Strong muscles support our bones and joints. Collectively this helps to maintain the structural stability of the body which, for example, can help to reduce the risk of falling.
You can head to the gym and pump iron or join classes such as kettle bells and body pump, or turn to your everyday activities, to work and load your muscles.
Or you might like to invest in a few weights and follow one of the many online classes and tutorials available on YouTube.
Rather like with muscles, bones can be strengthened with targeted activity.
Think activities like pounding the pavement, skipping, aerobics, dancing and jumping. Or simply stomping, marching, or jumping up and down on the spot will do the trick.
The intention is to build load bearing activities into your regime, to help ward off bone loss, increase bone density and to strengthen ligaments and joints.
An article in the National Library of Medicine, describes a study conducted on pre-menopausal women aged 25 to 50. The study found that jumping, 10 to 20 times, twice daily, yielded an increase to hip bone density – in just 16 weeks.
Target your weak spots
I would imagine that many of you reading this will have sustained a few injuries over the years. Some of which may have come back to haunt you as you have got older or as a result of the menopause.
As a yoga teacher, I have met many people on the mat who share with me their niggle points and when I ask them what they are doing about it, they look at me blankly.
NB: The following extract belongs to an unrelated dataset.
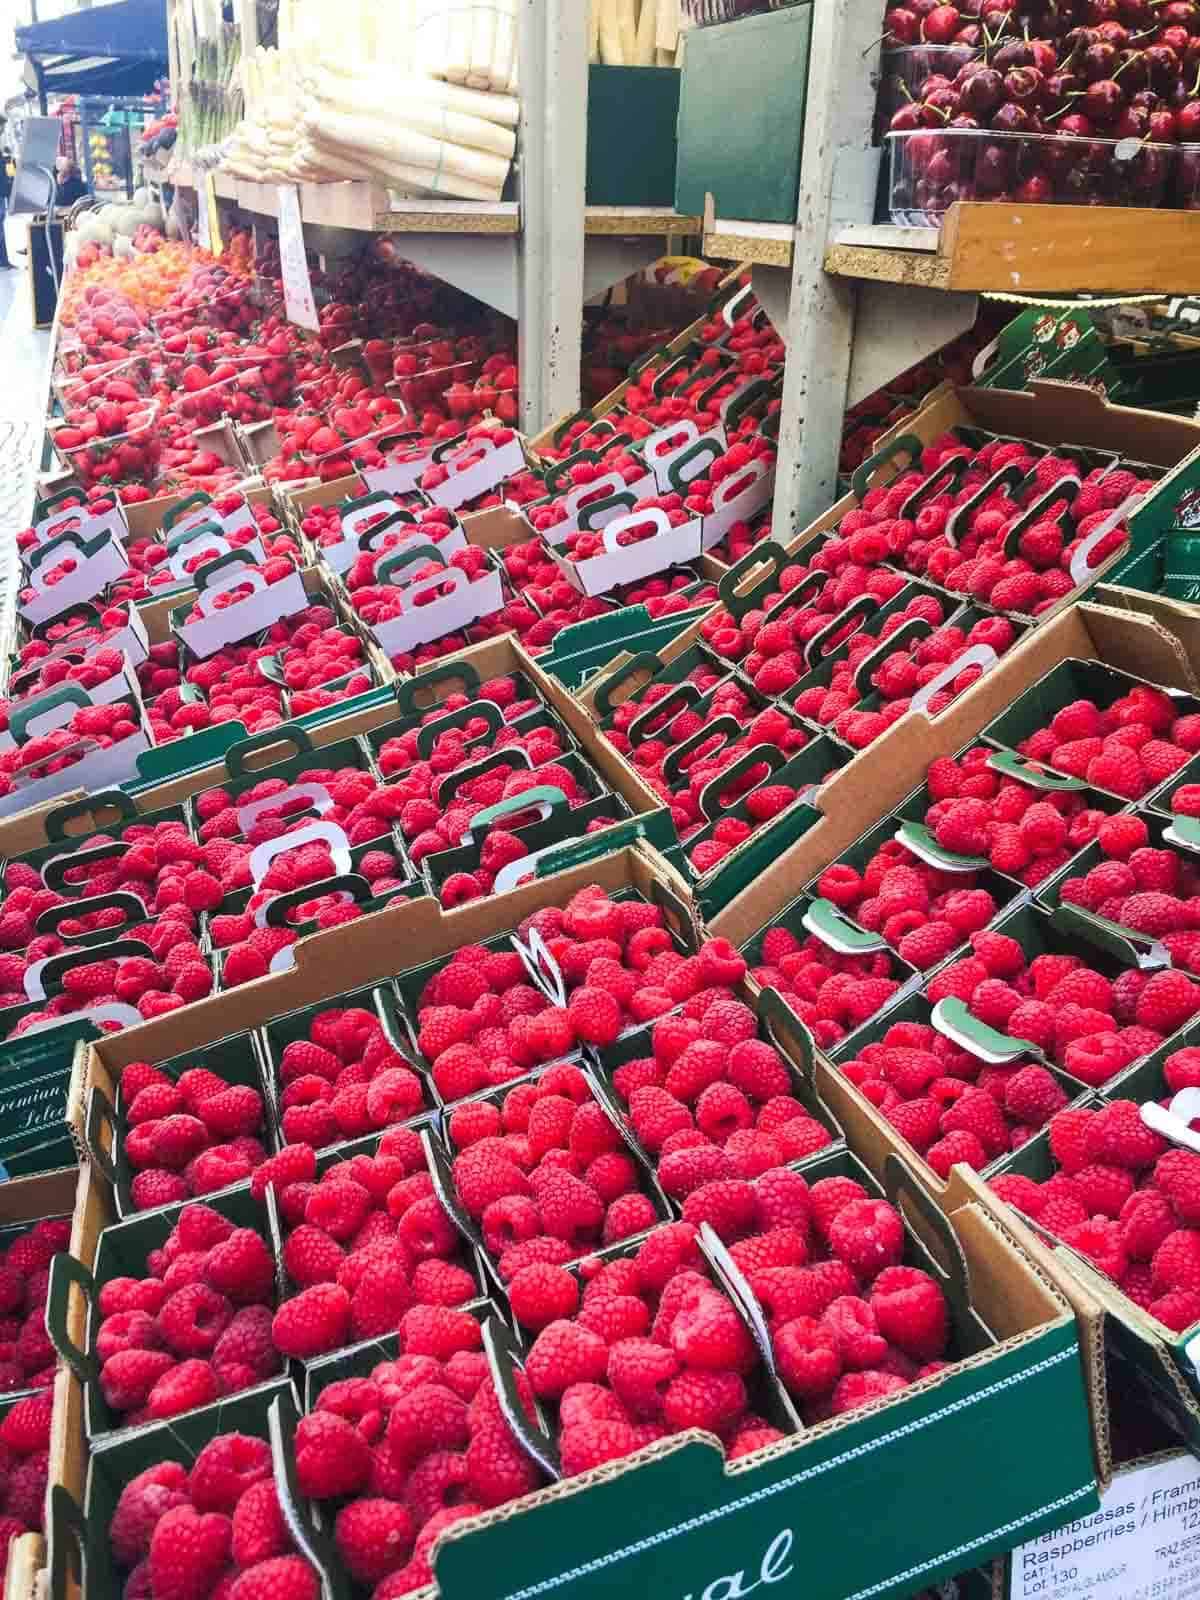 raspberries in farmers market boxes.

Whilst not everything can be fixed, there are many things than can be.
Personal Trainers, Physiotherapists and Osteopaths, or practices such as yoga, pilates, and somatics, can be of great support in targeting and supporting pain points that may have become more cumbersome as we have got older.
Don’t ignore your pelvic floor
Similarly, one we all should be focusing on is of course the pelvic floor. Targeted exercises can support the muscles of the pelvic floor, ward off urinary dysfunction and maintain sexual arousal and satisfaction.
If you are unsure of how to do these correctly, there are plenty of resources online including one from the Mayo Clinic ‘Kegel Exercises: A how to guide for women’.
And of course, if you have any symptoms you are concerned about, your GP is a good place to start.
Be kind to your joints
Stiff, painful, and aching joints, that can again come as part of the menopause package, can hinder our exercise endeavors as well as the quality of our daily life.
Yet how often do we give our joints any direct attention?
Building activities into your regular routine, that mobilise and lubricate the joints, can help to keep them healthy and functioning at their best.
For some inspiration or as a starting point, the YouTube video ‘how to keep your joints healthy – Yoga for Mobility and Flexibility’ may give you some ideas or a routine you can utilise.
Whilst this blog is centered on movement, it is worth noting that a key culprit to joint discomfort can be dehydration – not helped by diminishing estrogen which plays a key role in fluid regulation.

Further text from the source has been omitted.